Mary Berg, The Diary

October 23, 1943 The Last Great Act of Defiance

You may take my freedom, she might have said. You may take my life but you will not take away, my free will.

Before the age of the internet, sight gags were copied and re-copied and passed around from hand to hand, much the same as we text each other amusing memes, today. One stands out after all these years, as worth remembering. A “Last Great Act of Defiance”, in the face of certain destruction.

I considered whether such an image trivialized the death of a human being, because that’s what this story is about. But no, silly as it is this cartoon works just fine, as a symbol. A symbol of a small woman, naked, defenseless and yet defiant, in the face of the Nazi death camp. A ballerina barely 100 pounds soaking wet by the look of her photographs and yet, a woman who, in her last moments of life managed to take one of the Nazi sons of bitches, with her.

Franceska Mann

They say if you do what you love, you’ll never work a day in your life. Franceska Mann was born to dance. Any mother or father of such a child would smile at the thought of what she must have been like, growing up. By the time Franceska had come of age she had mastered classical and several forms of popular dance.

Mann studied dance at Irena Prusicka’s School of Gymnastics and Artistic Dance, one of three major studios, in pre-war Warsaw. She competed in 1939 in an international dance competition in Brussels placing fourth, out of 125 ballerinas. She was the pride of Poland considered by many to be the most beautiful and most talented, of her generation.

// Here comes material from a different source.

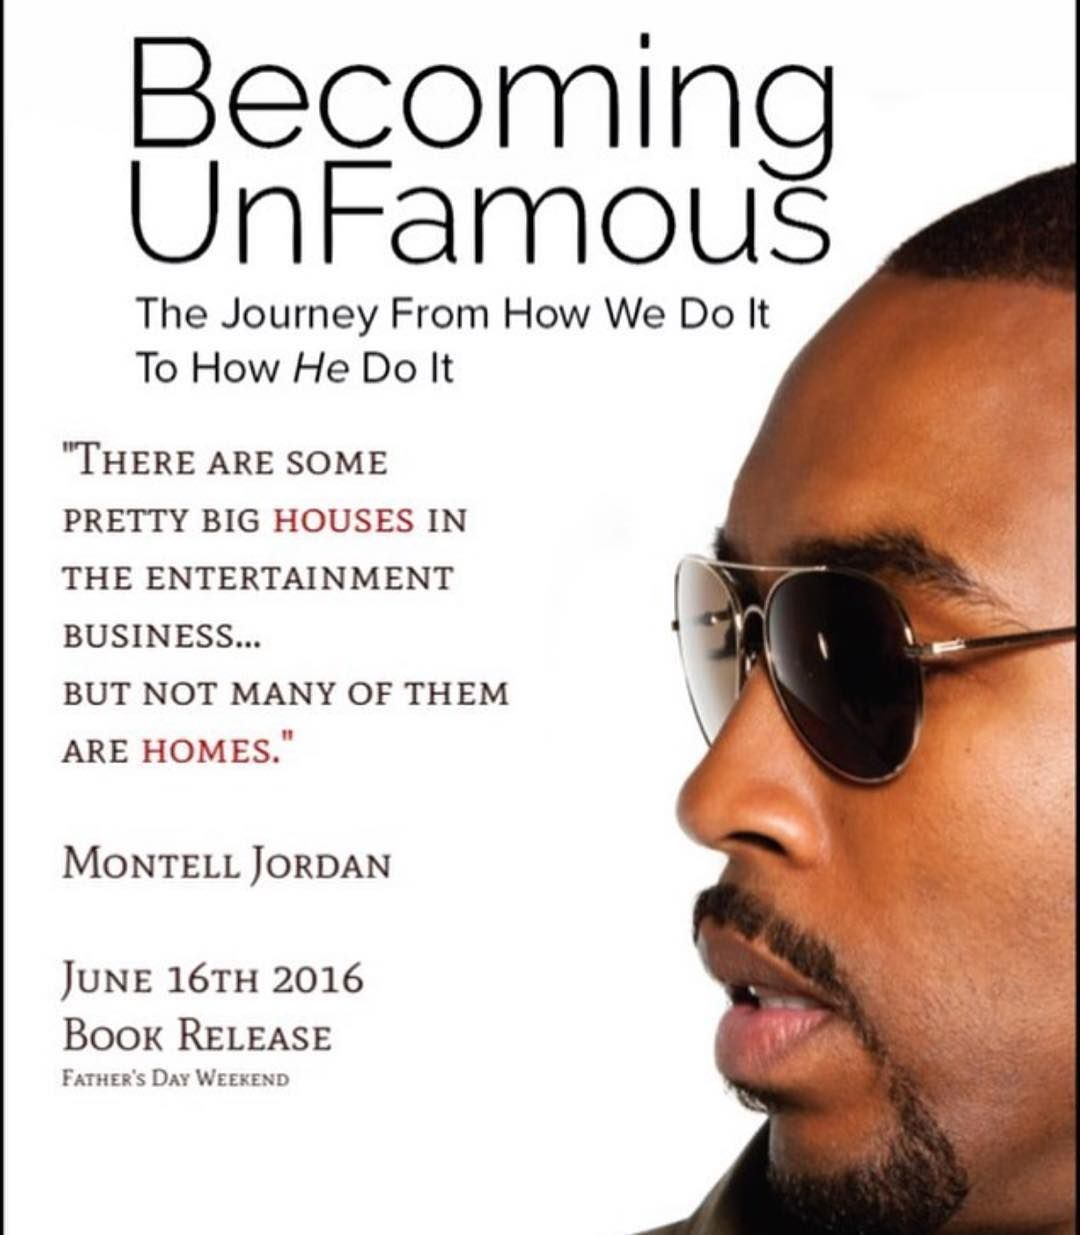 #MontellJordan will release his book #BecomingUnfamous on June 16 IceCreamConvos.com

When the Nazi war machine invaded Poland in 1939, she was performing at the Melody Nightclub in Warsaw

For a time, Franceska’s physical features allowed her passage on the “Aryan” side of the city while up to 460,000 fellow Jews and not a few Romani people were rounded up in the “Residential District”, the infamous Warsaw Ghetto.

The Warsaw Ghetto and others like it were little more than waiting rooms, for the death camps. Even before ultimate deportation conditions, were grisly. The daily food ration for Jews in the ghetto was a scant 184 calories compared with 699 for Polish gentiles and 2,613, for Germans. Disease and starvation quickly set in to begin a process the waiting “showers”, were built to complete.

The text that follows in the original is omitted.